NEWS10 November 2010

Public polls lack openness and scrutiny, say party pollsters

News North America

US— A group of pollsters who work for the two main political parties have criticised the proliferation of published polls that fail to disclose how they were conducted, and the “sometimes uncritical” media coverage of such surveys.

In an open letter, 19 campaign pollsters say that the media’s practice of “judging polls by their accuracy in the closing weeks of an election rather than by the professionalism with which they were conducted is unfortunate”.

Among the signatories are Democrat pollster Diane Feldman, Republican pollster Bob Moore, and Joel Benenson, who conducted polling for Barack Obama’s presidential election campaign.

Public polls, they explain, differ on whether they reveal information on how voters were sampled and screened, whether bilingual interviewing took place, and whether potentially biasing questions were asked before the main ‘horse race’ question.

The authors raised particular concerns about hard-to-reach groups such as ethnic minorities, whose views may be underrepresented or distorted by weighting in some polls.

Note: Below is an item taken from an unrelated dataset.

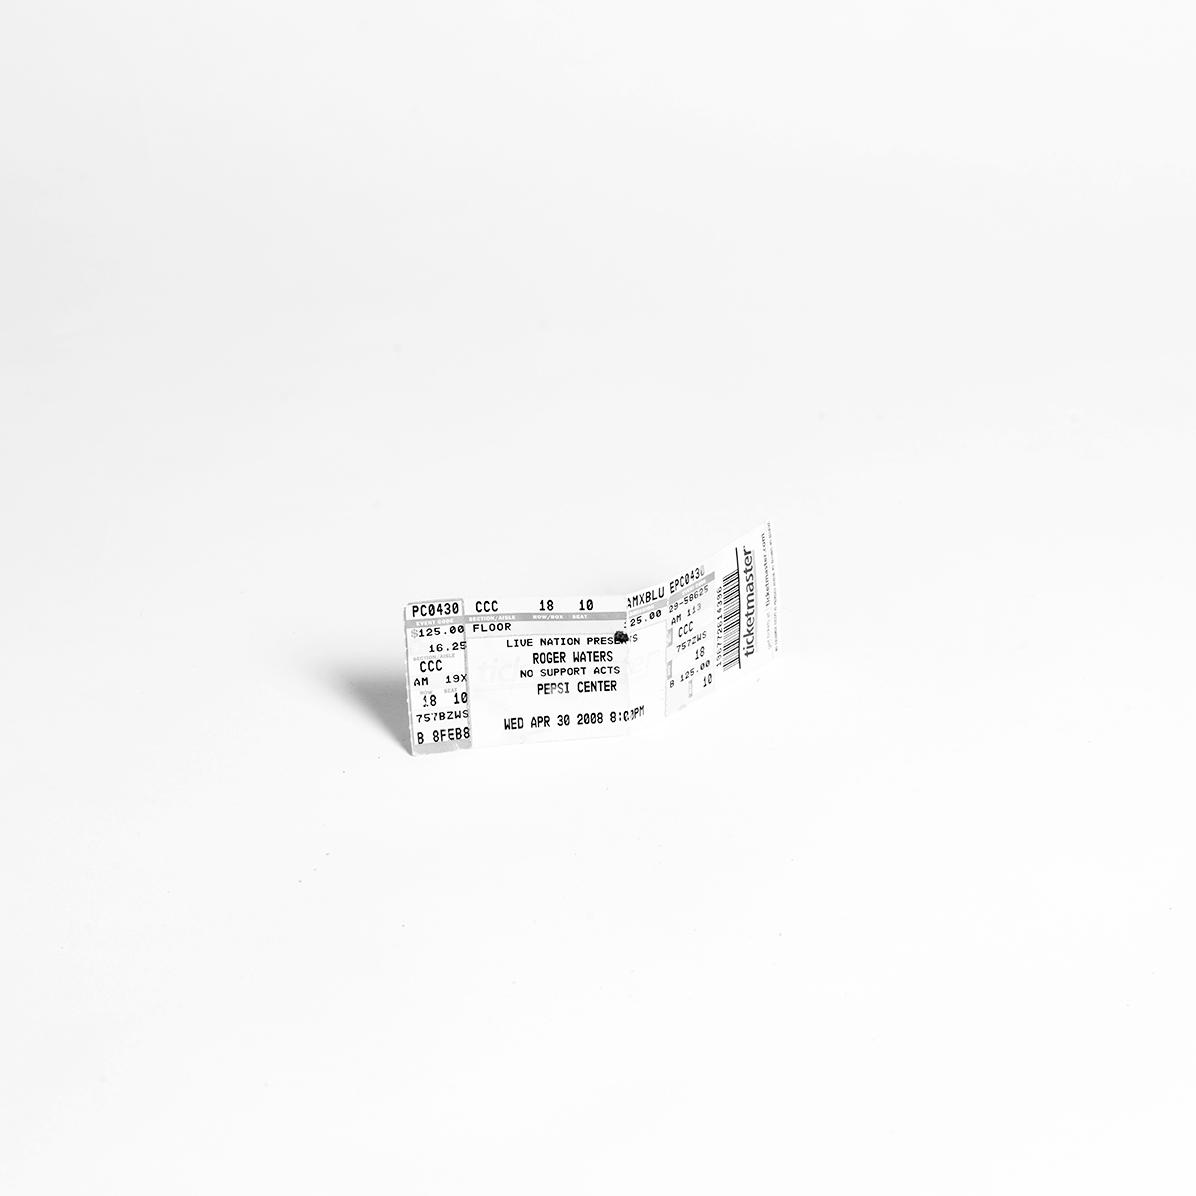 concertticket copy.jpg
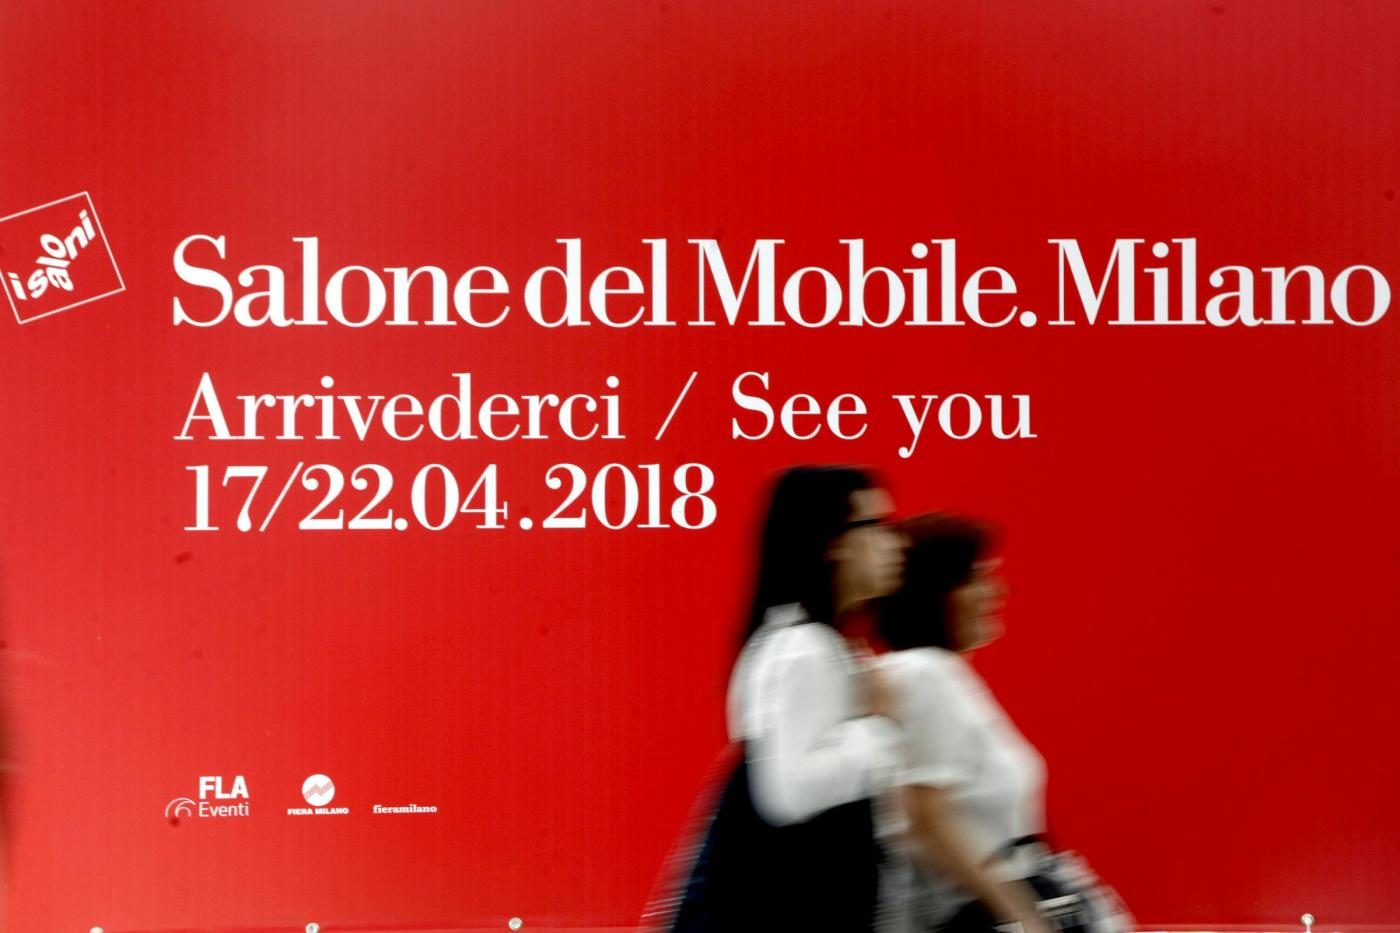 Salone del mobile 2018 tutte le novit della 57a edizione for Classi di design del mobile

The letter highlights the standards developed by the American Association of Public Opinion Research (AAPOR), which call for “full and complete disclosure” of survey methodology at the time results are released. “We would urge extreme caution in coverage of polls that do not meet these standards,” the authors said.

As political observers look back on the US mid-term elections to see which polls got it “right” and which got it “wrong”, the authors call for polls to be judged by their professionalism “rather than by apparent accuracy in the closing weeks of campaigns”.

Public polls “have the capacity to shape media and donor reactions to election contests”, the authors write. “We would urge the media to examine whether publically released polls meet AAPOR standards in choosing whether or not to cover them.”

“Polls that show the most dramatic numbers in terms of candidates’ winning or losing often draw the most media response,” they write. “It is therefore especially critical to subject such polls to rigorous examination.”

In a statement to the Huffington Post, AAPOR president Frank Newport said the association “appreciates and endorses” all efforts to encourage adherence with its code and standards.